Copy the listing below exactly. Pictures stay out of it.

__Given information__
####

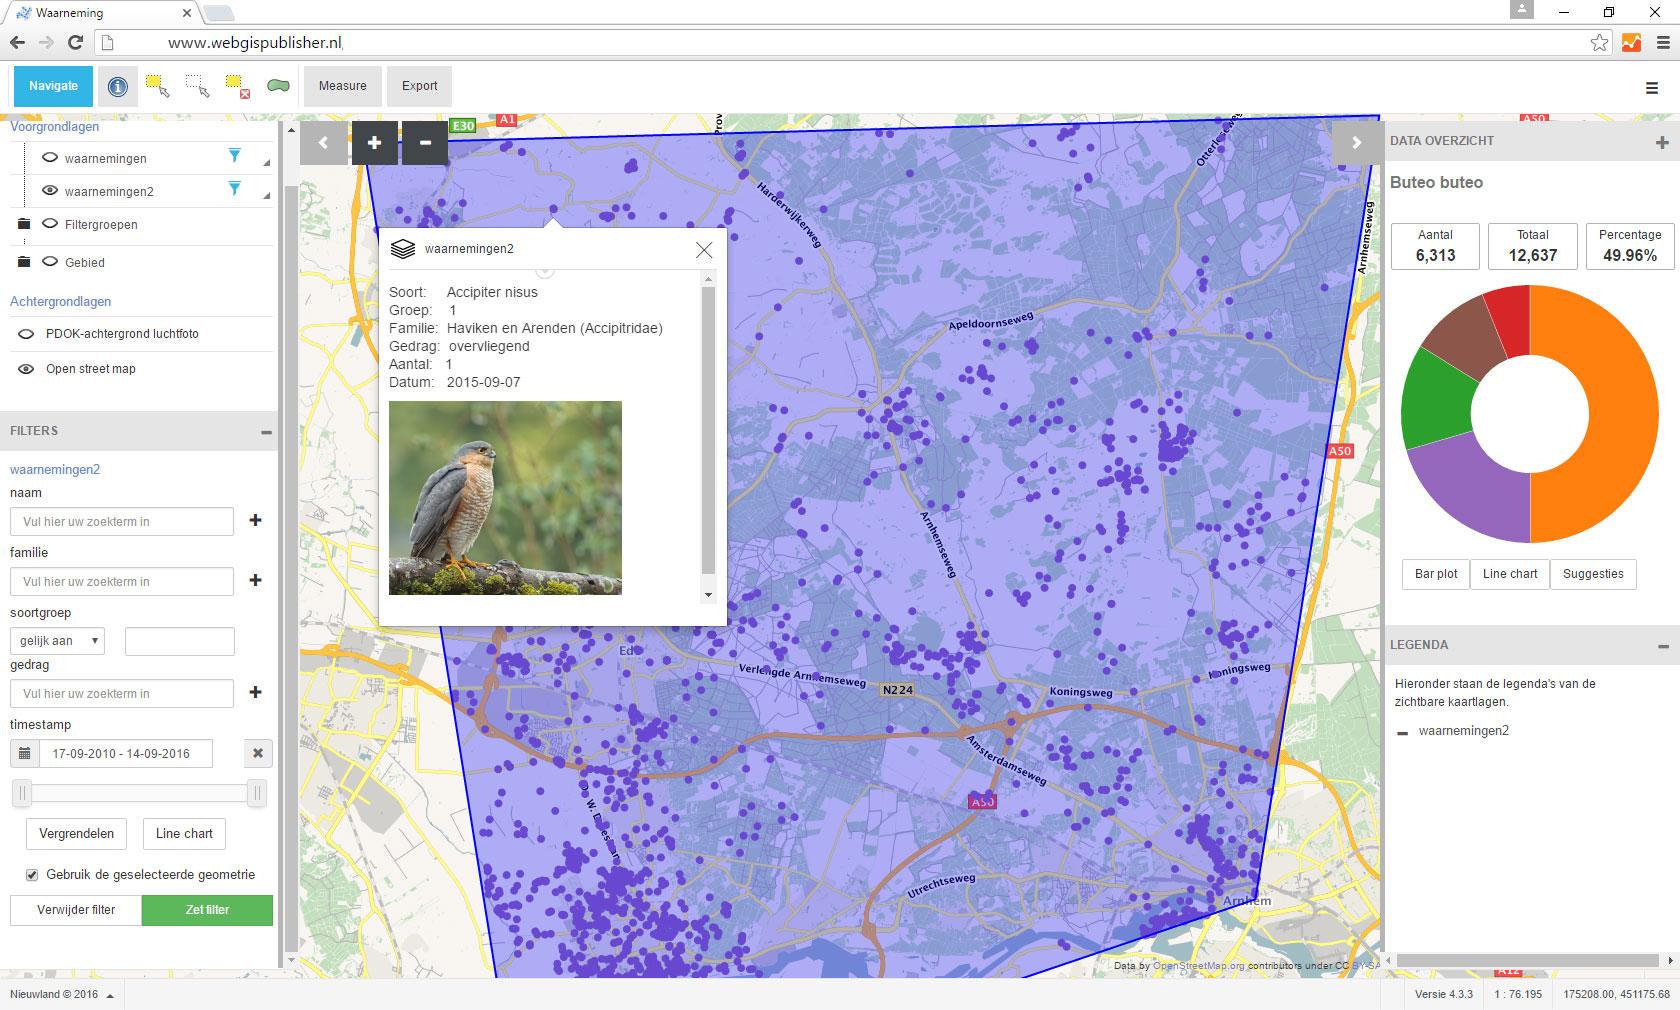 data mining via WebGIS Publisher
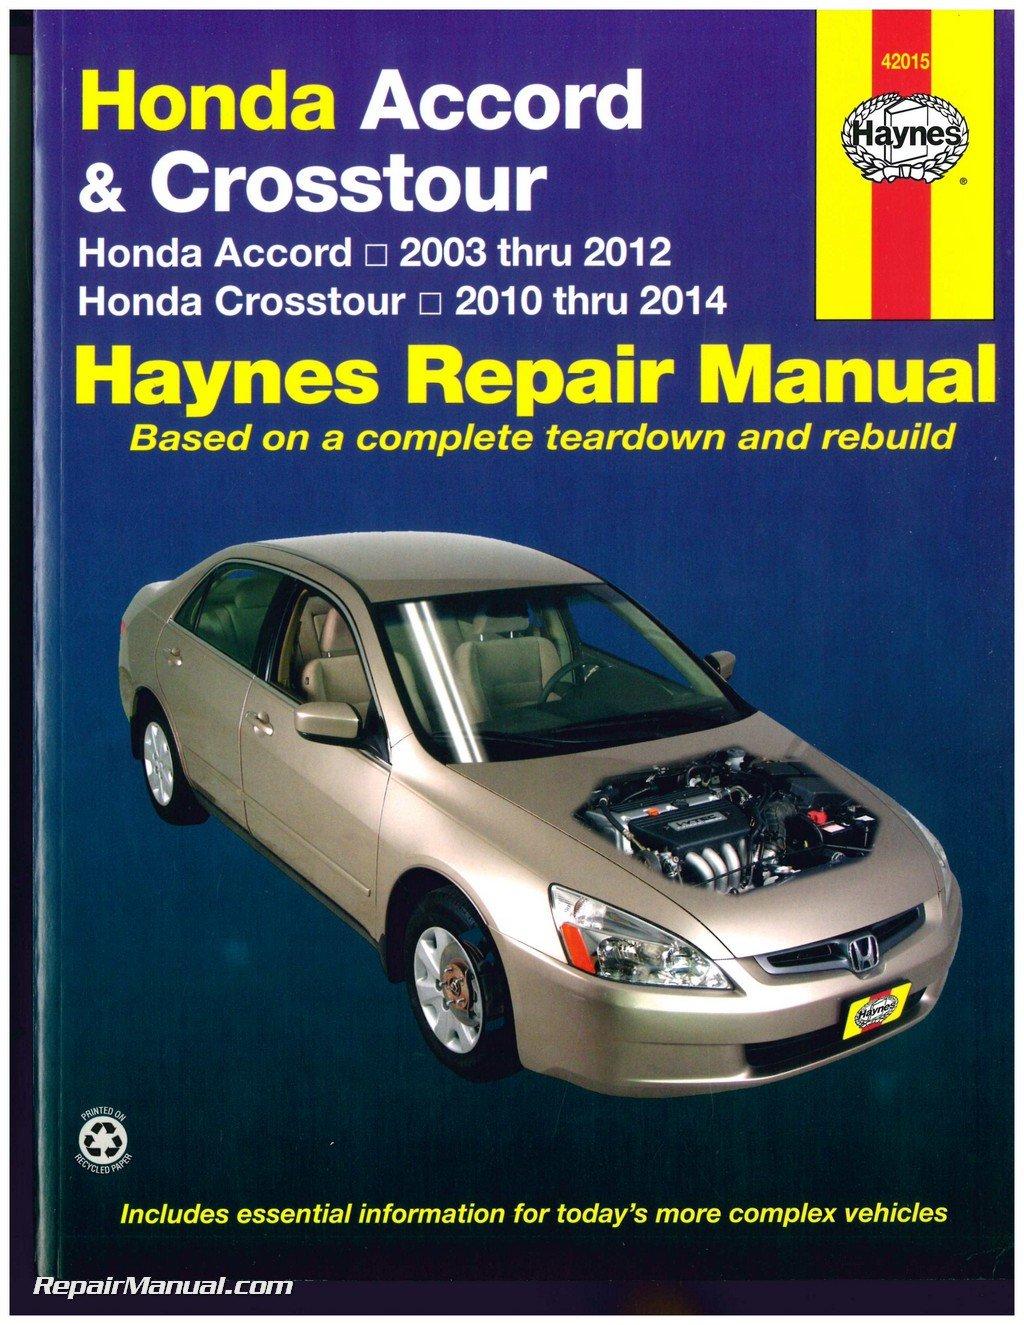 h42015 honda accord 2003 2012 crosstour 2010 2014 haynes automotive rh amazon com 2013 Honda Accord Manual 1997 Honda Accord Manual
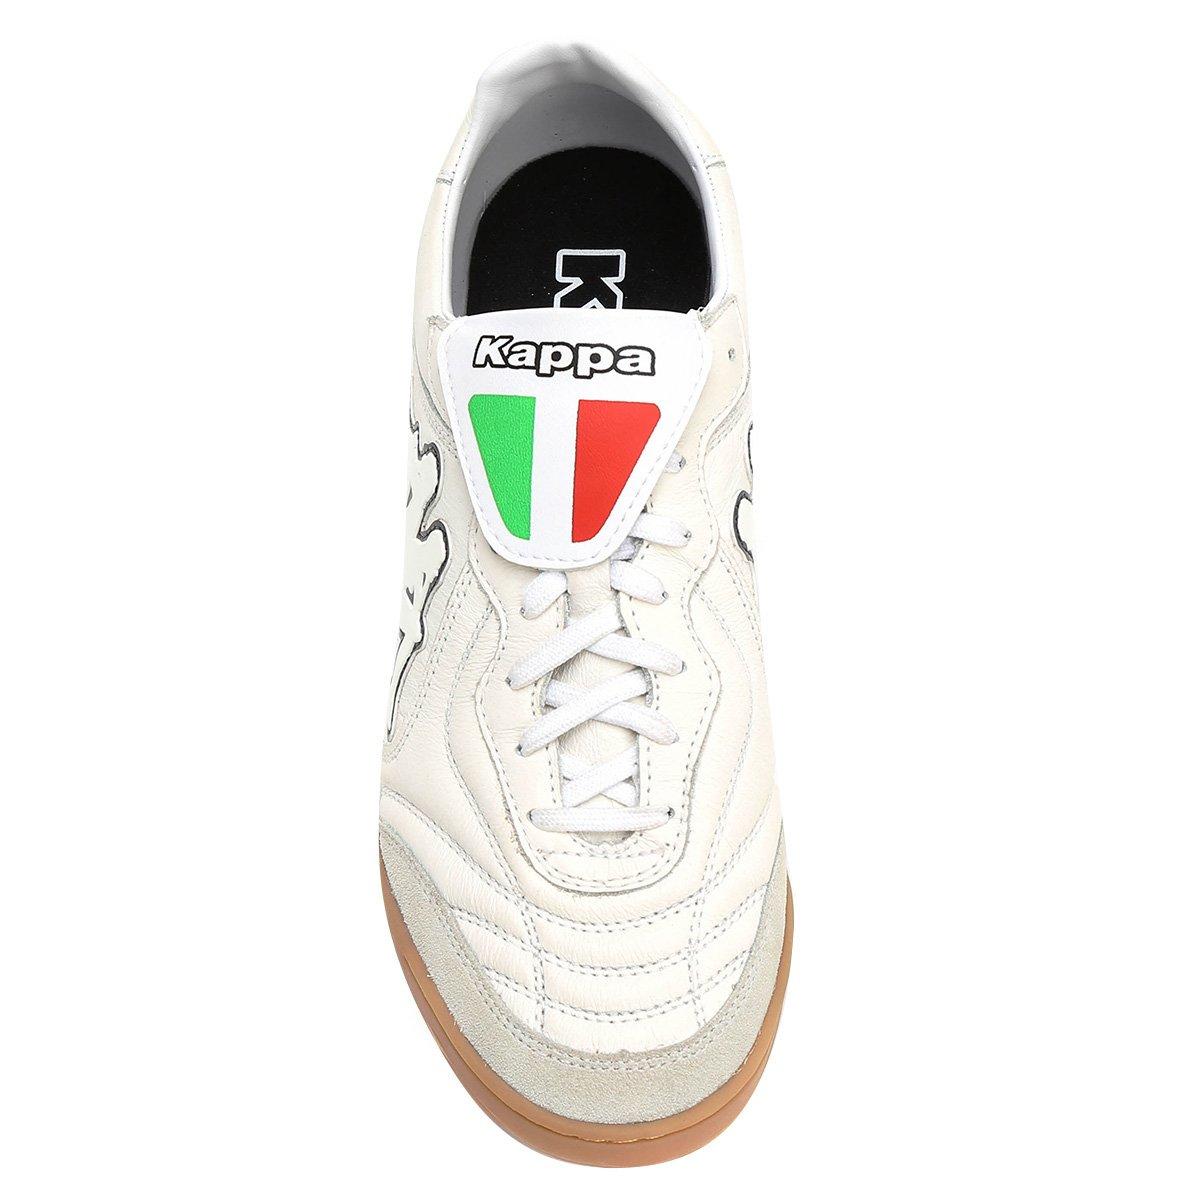 000d06b53b Chuteira Futsal Kappa Pelle Couro - Off White - Compre Agora ...

####

__Response to this exercise__
 data mining via WebGIS Publisher
 h42015 honda accord 2003 2012 crosstour 2010 2014 haynes automotive rh amazon com 2013 Honda Accord Manual 1997 Honda Accord Manual
 000d06b53b Chuteira Futsal Kappa Pelle Couro - Off White - Compre Agora ...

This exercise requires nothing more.